__GIVEN MATERIAL__.
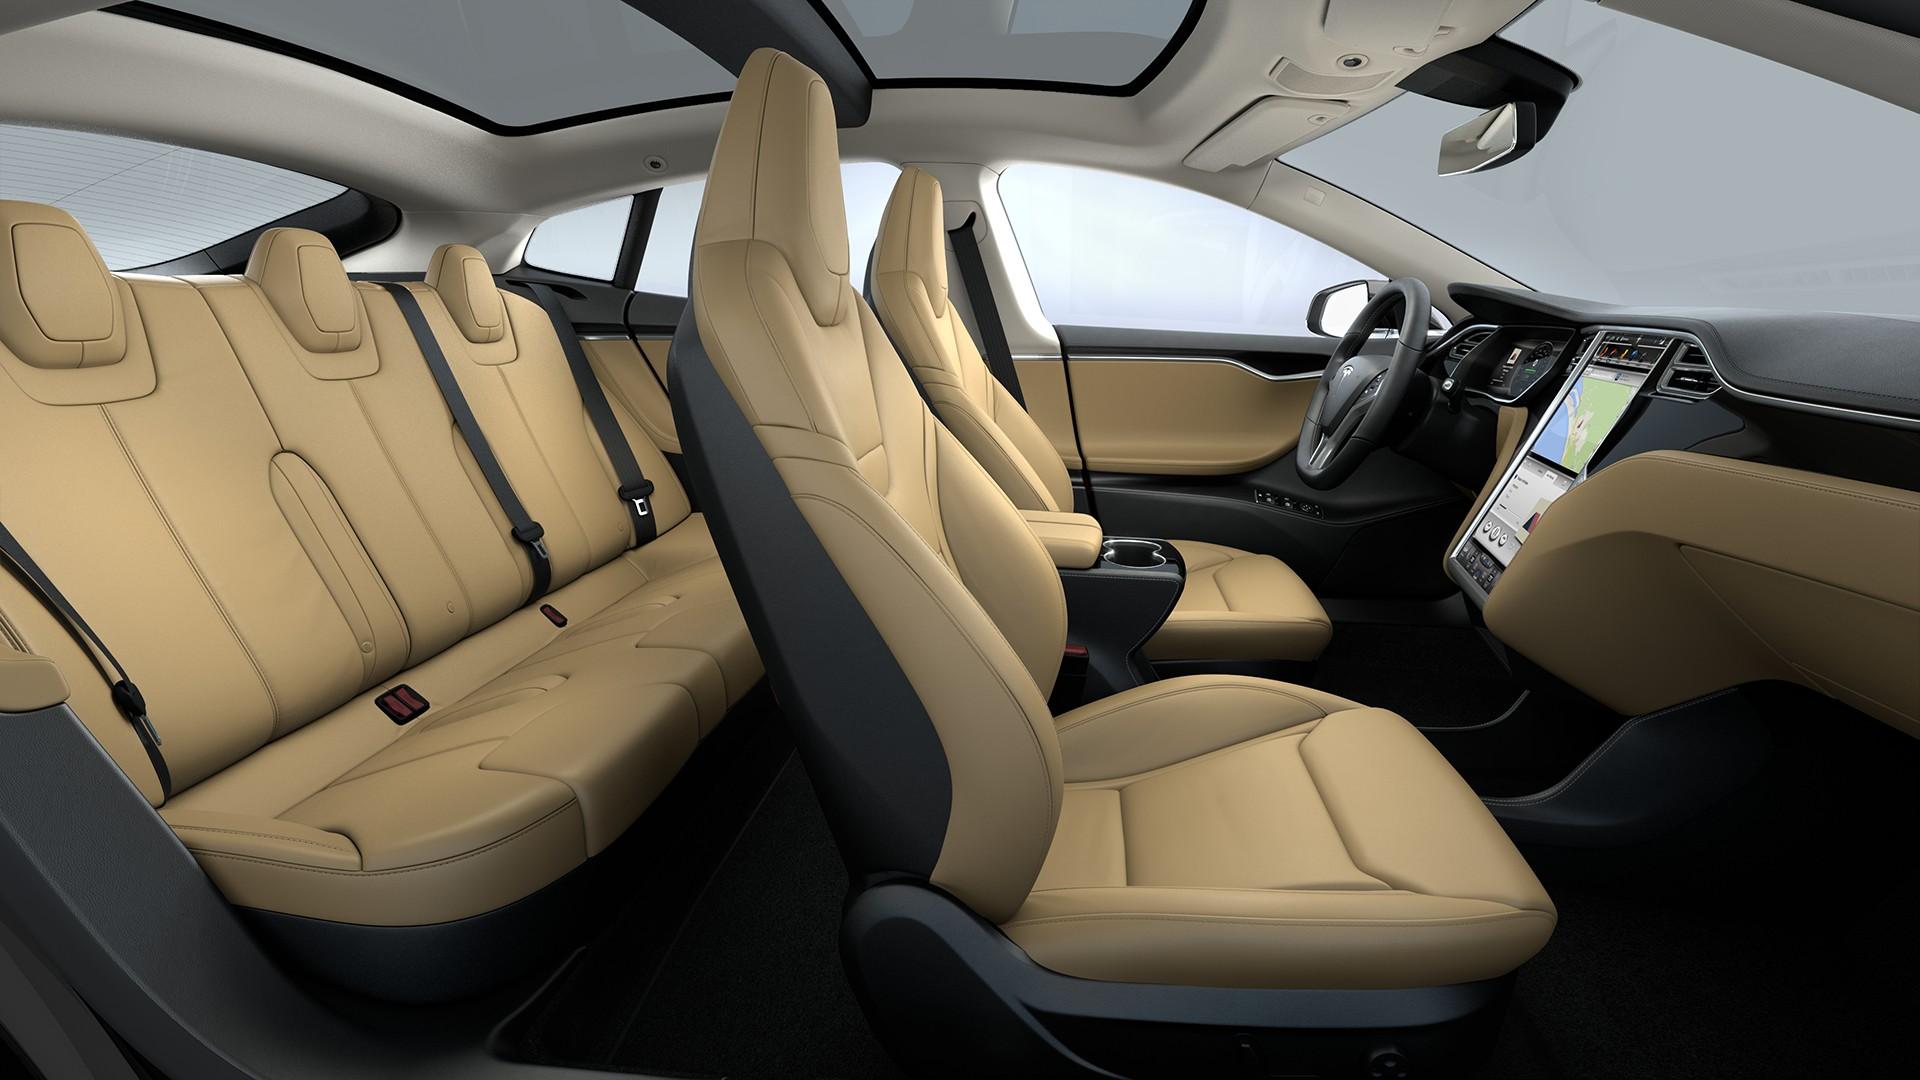 Interieur Matte Obeche Wood Decor Tan Next Generation Seats Standard Textile Headliner
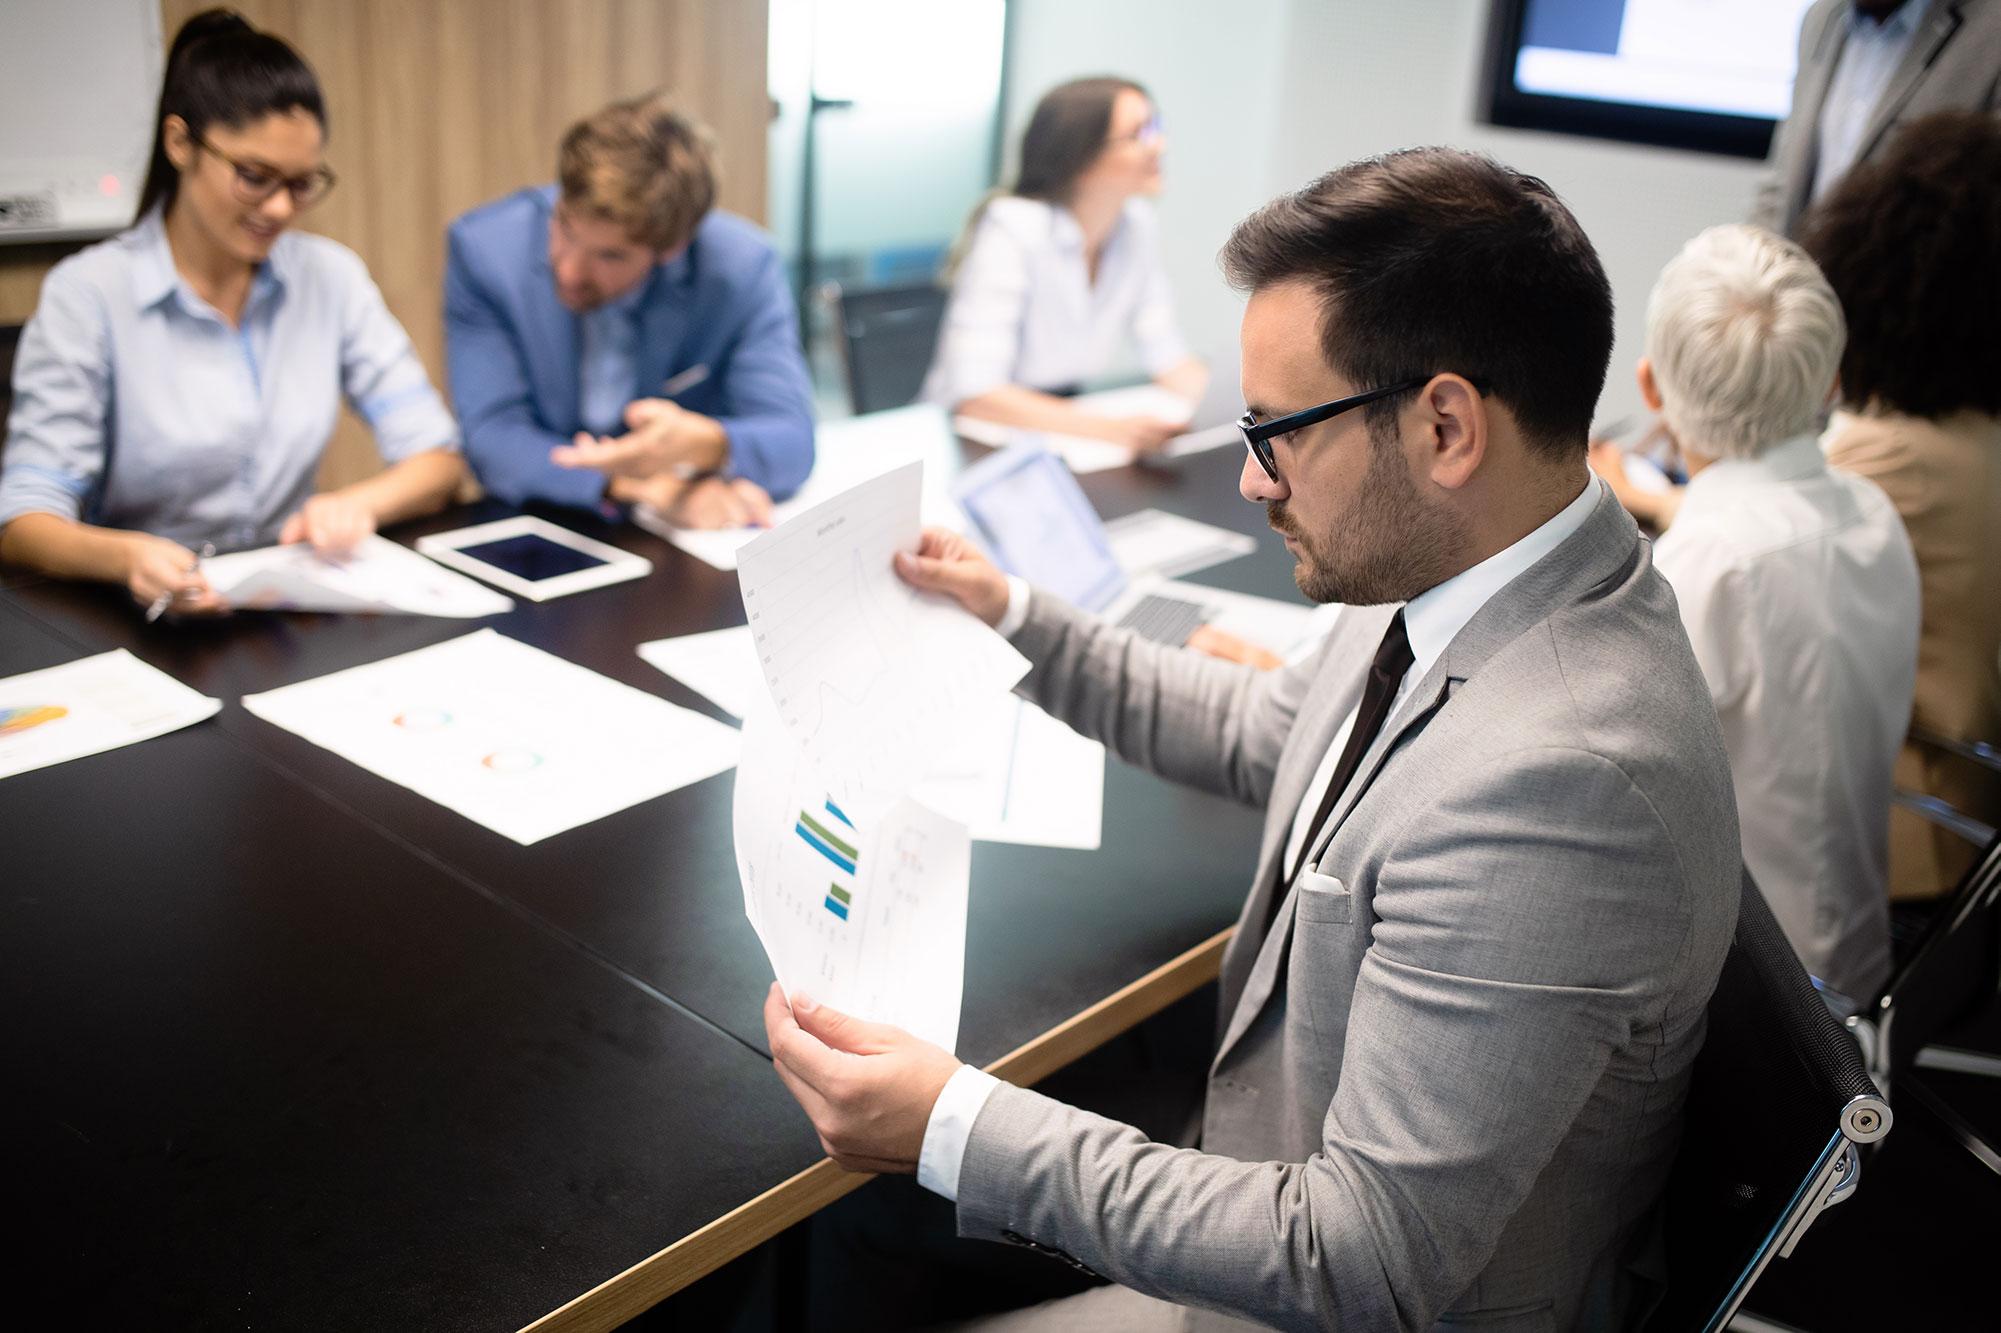 creative-business-people-working-on-business-proje-3CJVL2K.jpg
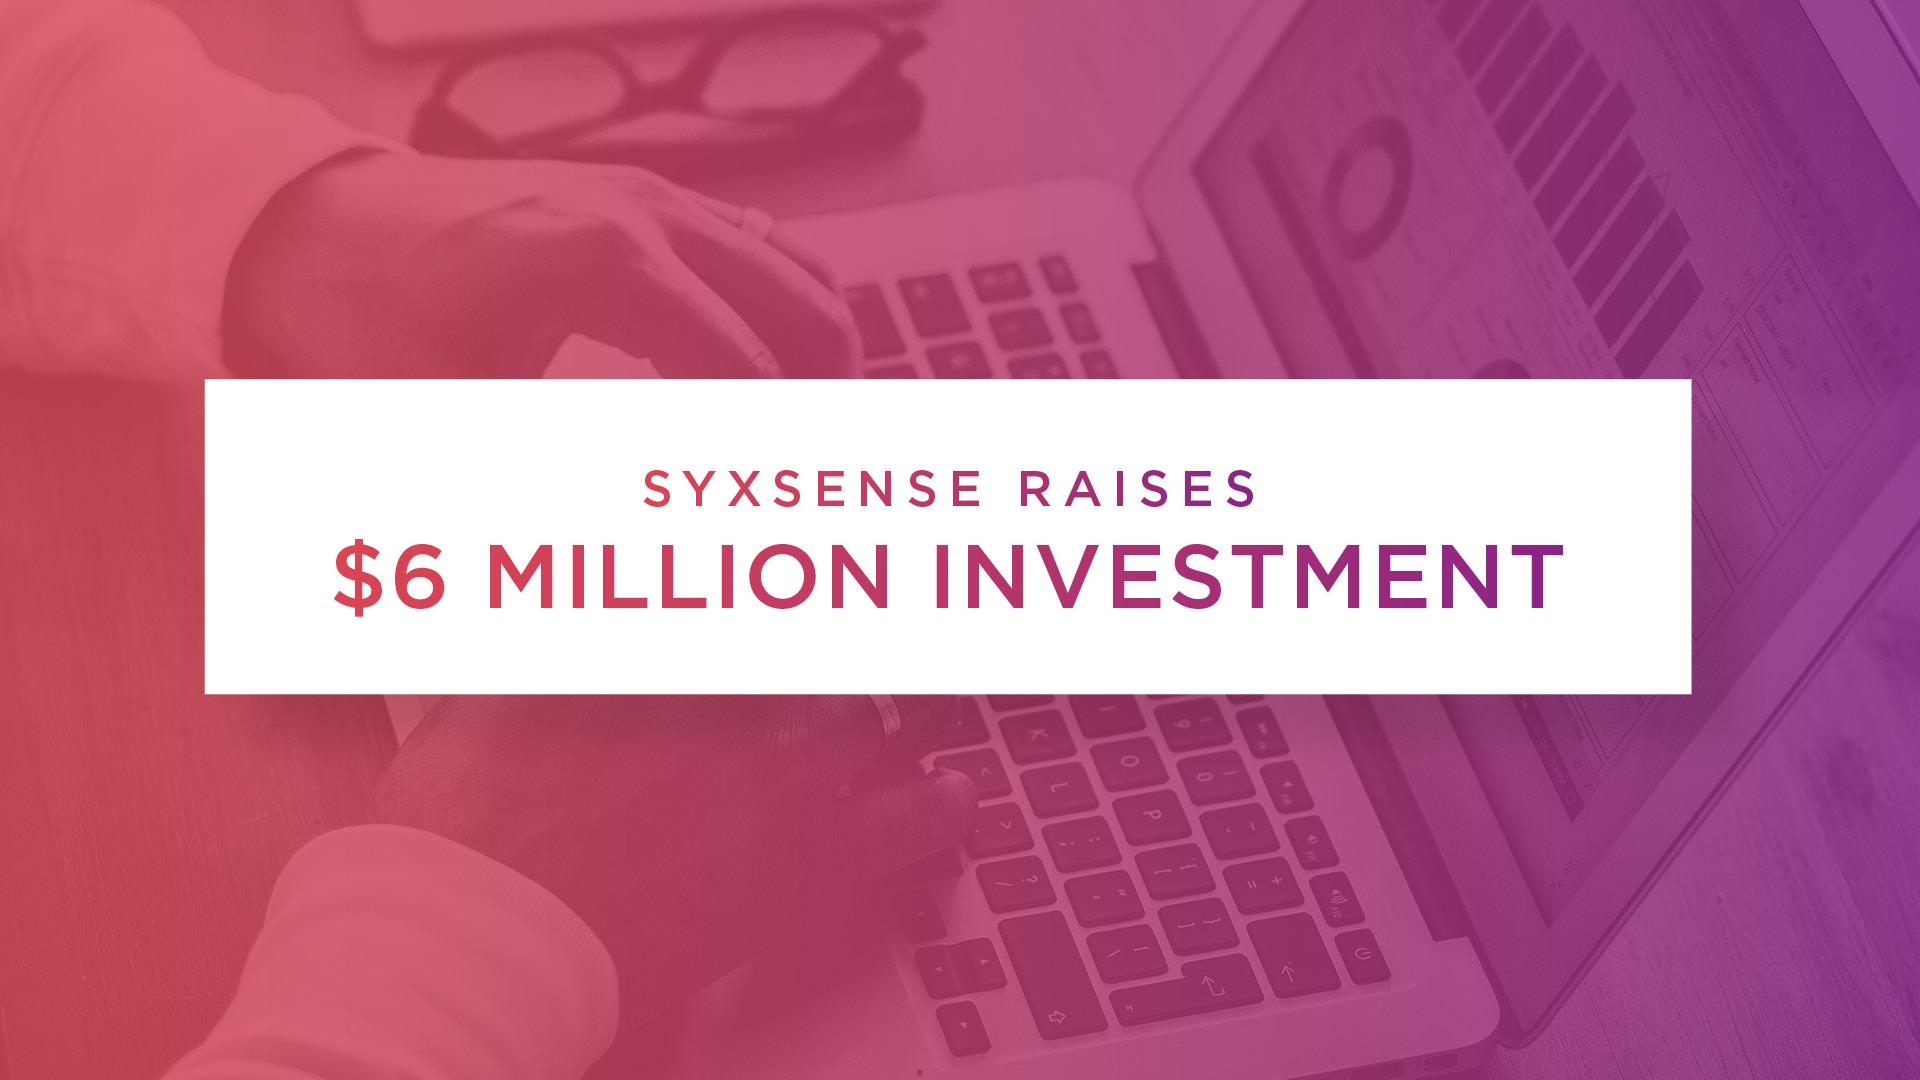 Syxsense Raises $6M in New Investment

__YOUR GOAL__.
Your copy should run from the line that has "creative-business-people-working-on-business-proje-3CJVL2K.jpg" through the last line above, exactly, with both ends in and pictures out.

__YOUR RESPONSE__.
 creative-business-people-working-on-business-proje-3CJVL2K.jpg
 Syxsense Raises $6M in New Investment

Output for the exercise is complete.